Brilliant New Light (Chance Lyon military adventure series Book 3)
Page 37
The next day, Rachel Hunter’s National Security Team met in the Situation Room of the White House to discuss the evolving situation in Vancouver.
“Everyone here has a copy of the report,” said Marilyn Mitchell. “If there is any specific aspect any of you want to discuss we can do so, but let me provide you with a summary of the facts. My analysts are still going over some of this to get clarification, but this is basically what we know about the Vancouver situation.”

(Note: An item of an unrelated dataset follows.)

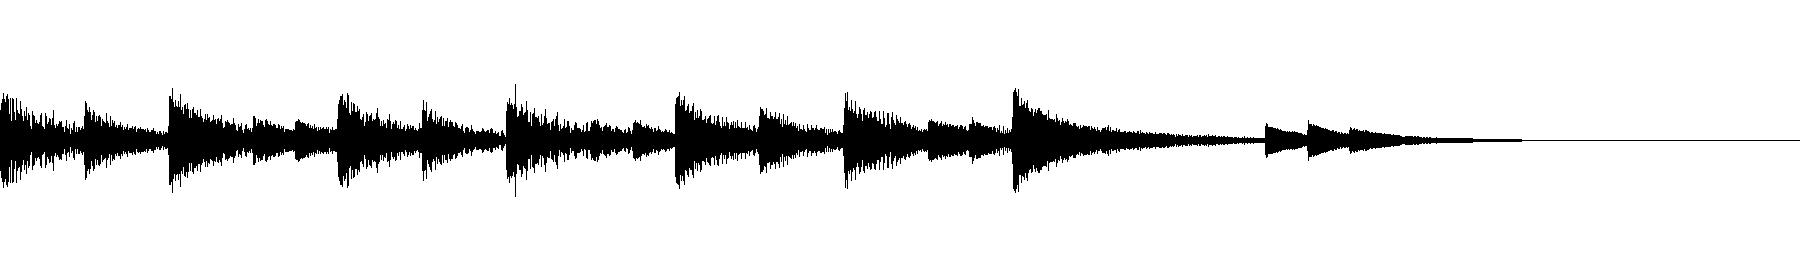 crystal chords

A summary page was flashed up on the main video monitor in the Situation Room and DCI Mitchell continued her summation.
⚪Gamma and his escort were targets of unknown assassins at the Vancouver Airport.
⚪The female Asian escort died at the scene, and Gamma was wounded - not seriously.
⚪He has no contact information for the people who are shepherding the nuke, so he is basically twisting in the wind waiting for them to contact him.
⚪Gamma was fortuitously rescued by two covert FBI contractors who were assigned to monitor his movements, and were at the scene of the shooting.
⚪They are all on ice in a CIA safe-house in Vancouver waiting for directions from us.
⚪Gamma has been thoroughly debriefed by his former CIA handler in Pakistan who we flew in two days ago. He is the source of this information.
⚪In summary:
§We do not know where the nuke is, or even if there is a nuke.
§We have to do something that shows Gamma is still in the game or the mission will be aborted at some point and we’ll continue to know nothing.
§We have reliable covert assets in place there who are capable of conducting professional paramilitary operations if we can supply them with a workable plan.
§We have a limited time to do anything before we will have to ethically inform the Canadian government that there may be a loose nuke floating around somewhere up there. The strategic risk here is the more people who know about this, the greater the danger of a news leak that would cause panic and make our job even more difficult.
“Thank you, Director Mitchell,” responded President Hunter. “This is a free-ranging discussion. I’m looking for suggestions.”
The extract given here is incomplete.